■ **Recorded data**
[Start of section]

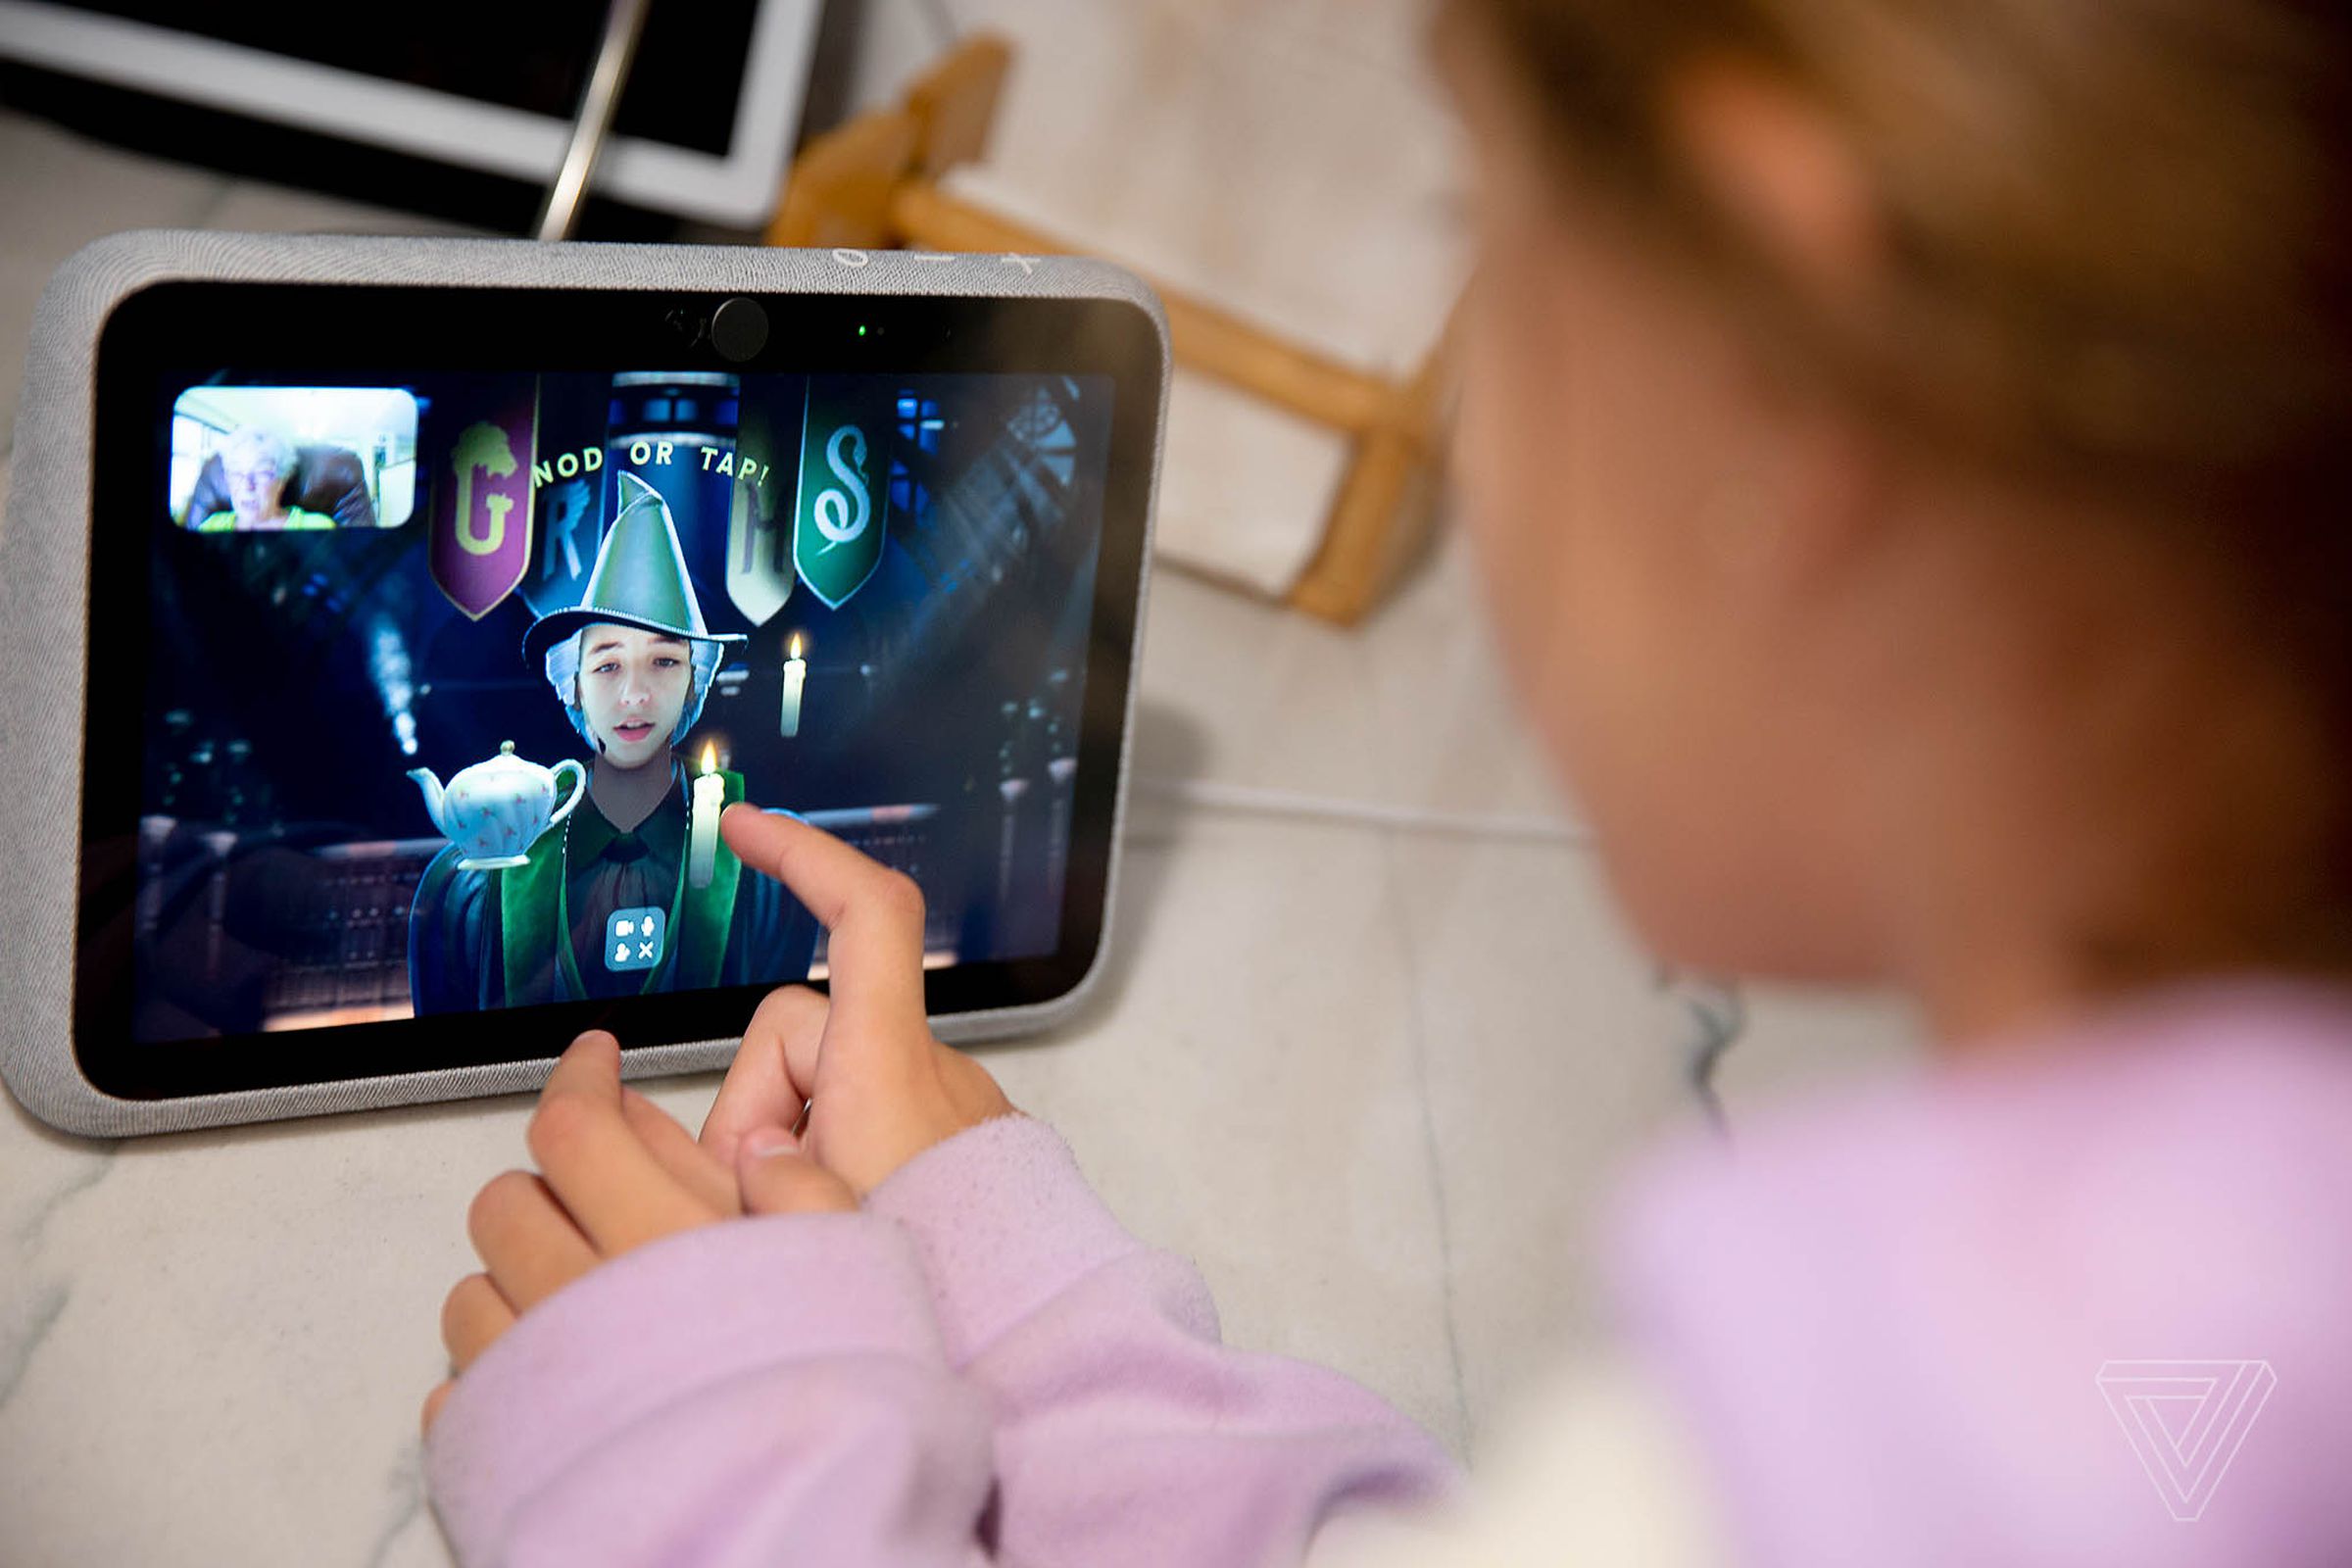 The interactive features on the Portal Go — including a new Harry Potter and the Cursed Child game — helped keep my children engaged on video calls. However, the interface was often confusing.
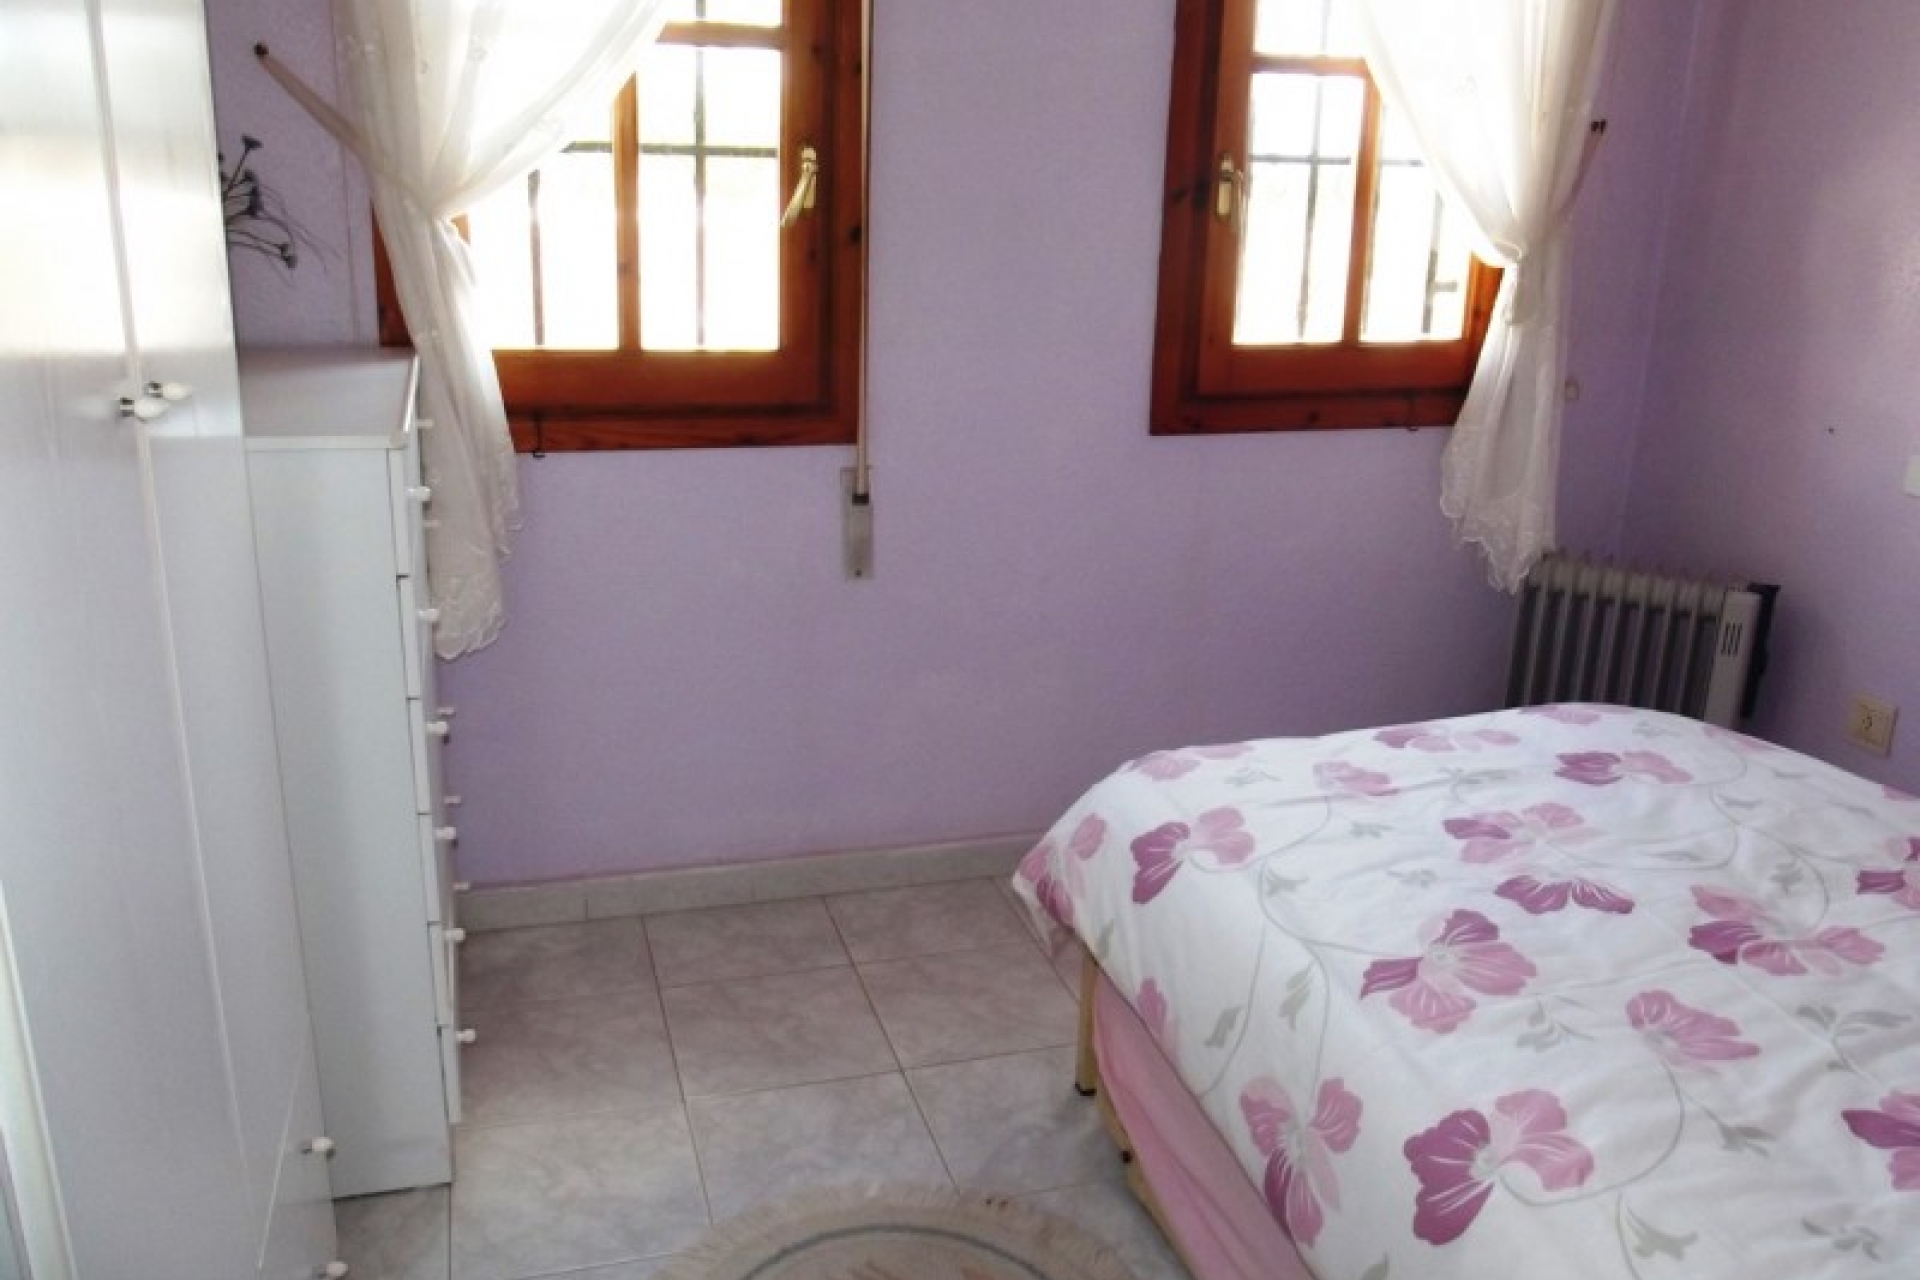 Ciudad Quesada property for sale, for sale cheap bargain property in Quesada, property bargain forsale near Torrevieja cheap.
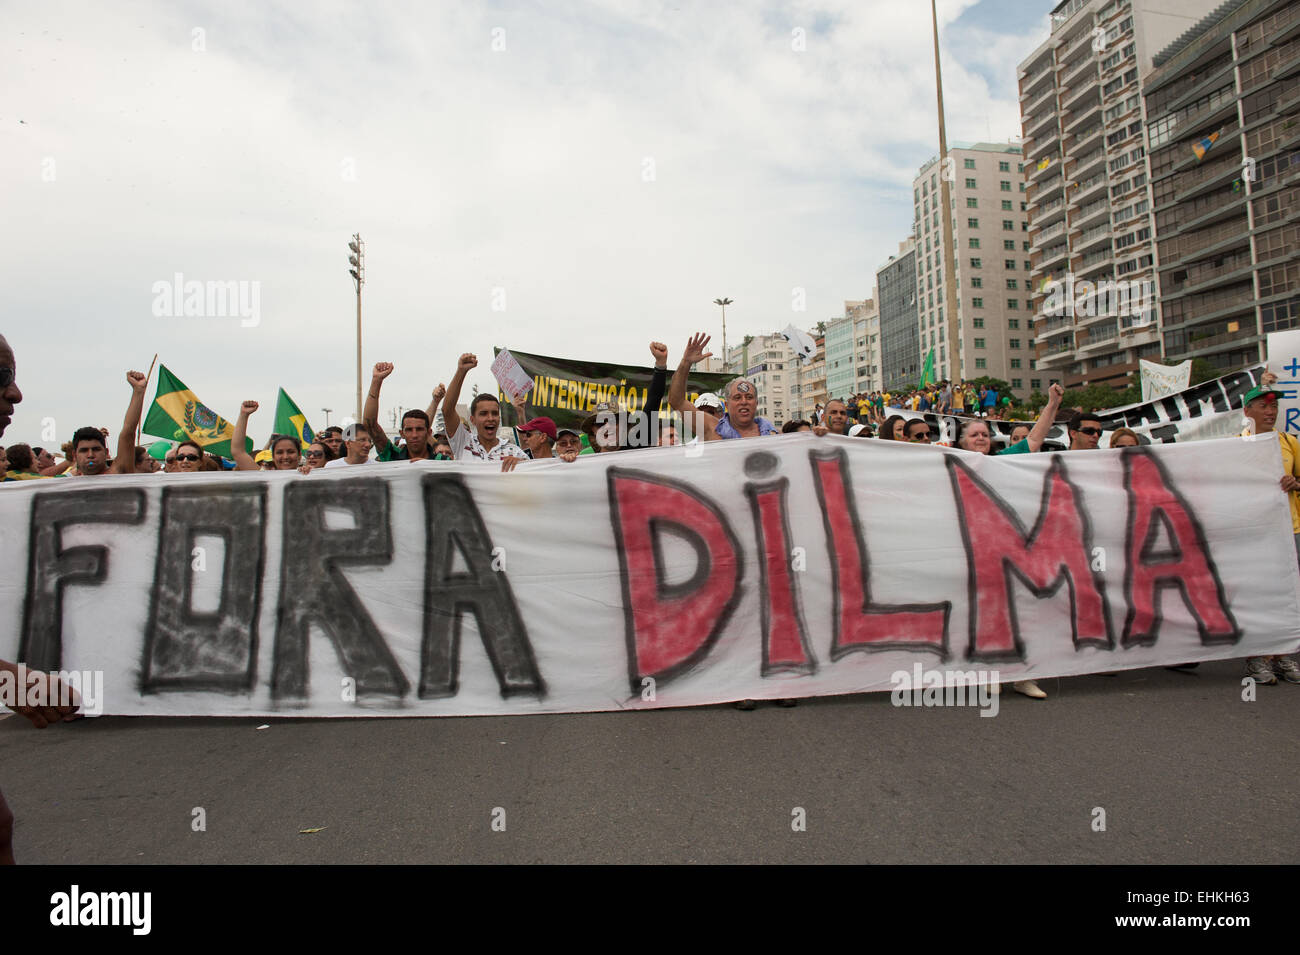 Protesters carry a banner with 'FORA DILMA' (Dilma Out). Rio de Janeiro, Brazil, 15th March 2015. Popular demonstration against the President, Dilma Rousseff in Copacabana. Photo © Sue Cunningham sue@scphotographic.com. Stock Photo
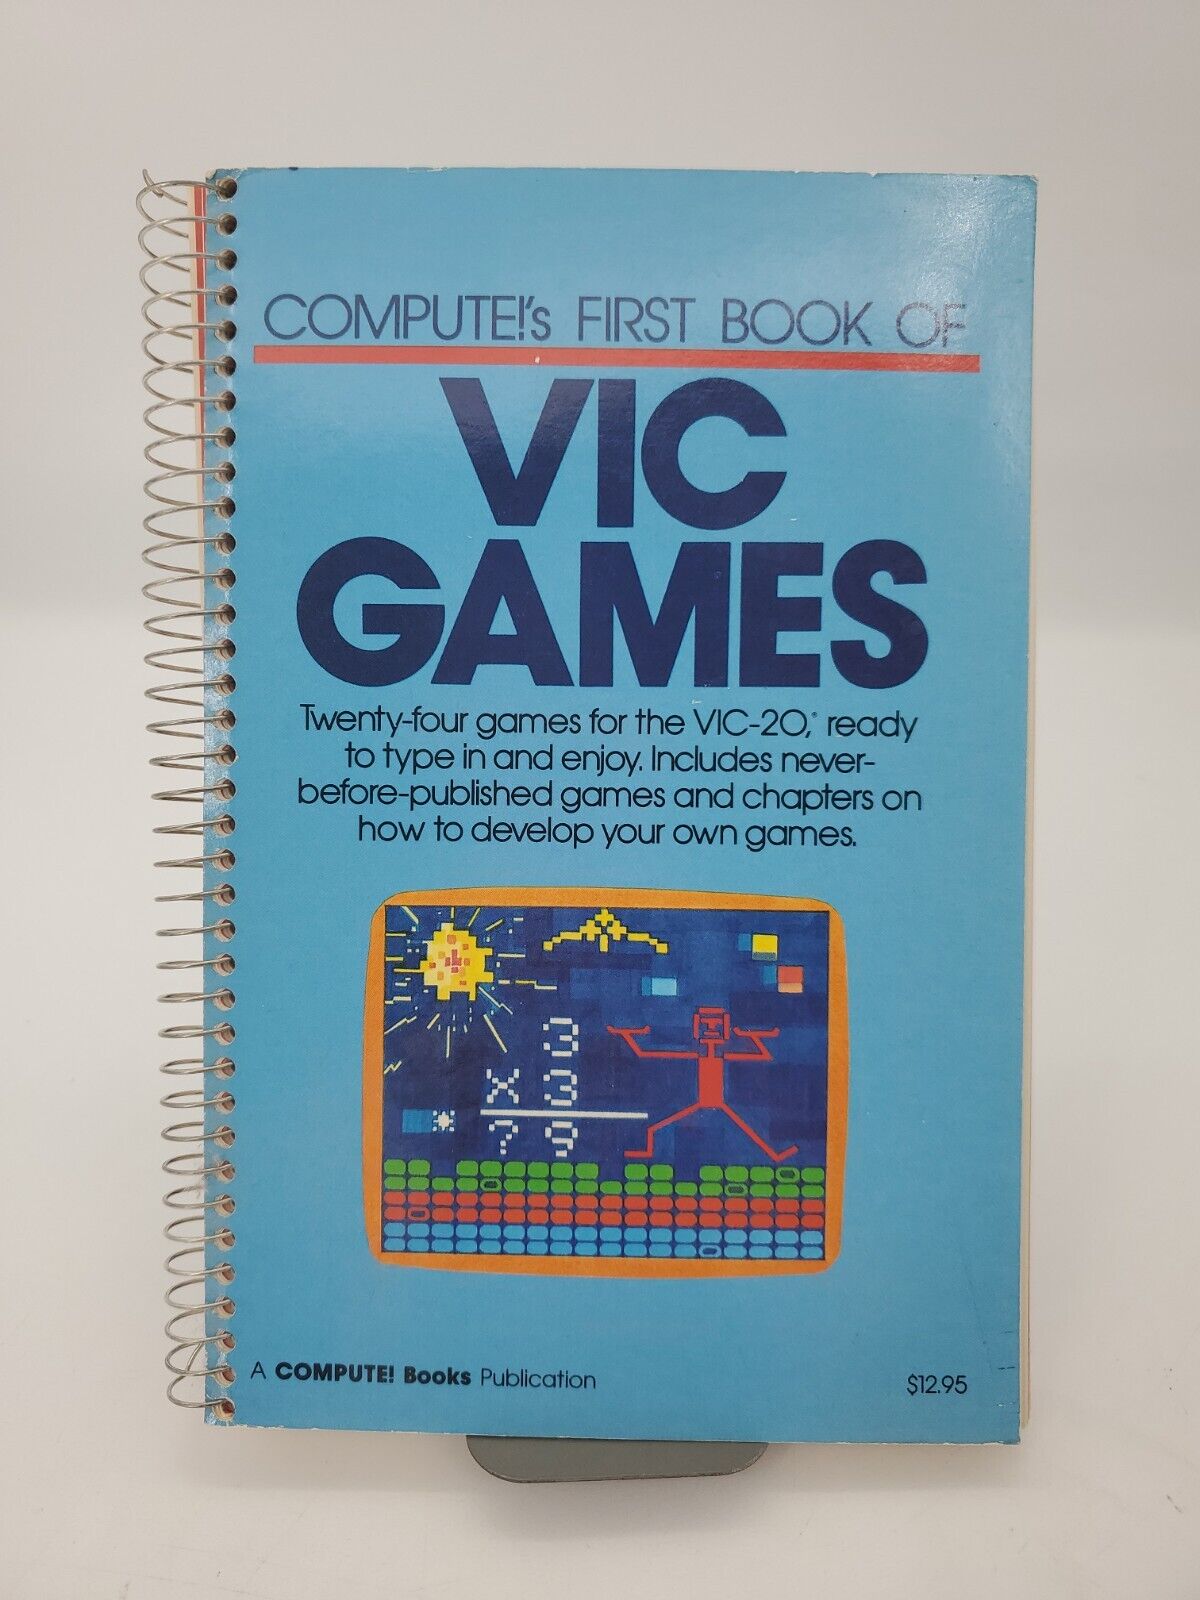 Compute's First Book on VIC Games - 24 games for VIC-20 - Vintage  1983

[End of section]

■ **Work order**
The result should be the same data as above, line for line, with the pictures gone.

■ **Reply to the exercise**
 The interactive features on the Portal Go — including a new Harry Potter and the Cursed Child game — helped keep my children engaged on video calls. However, the interface was often confusing.
 Ciudad Quesada property for sale, for sale cheap bargain property in Quesada, property bargain forsale near Torrevieja cheap.
 Protesters carry a banner with 'FORA DILMA' (Dilma Out). Rio de Janeiro, Brazil, 15th March 2015. Popular demonstration against the President, Dilma Rousseff in Copacabana. Photo © Sue Cunningham sue@scphotographic.com. Stock Photo
 Compute's First Book on VIC Games - 24 games for VIC-20 - Vintage  1983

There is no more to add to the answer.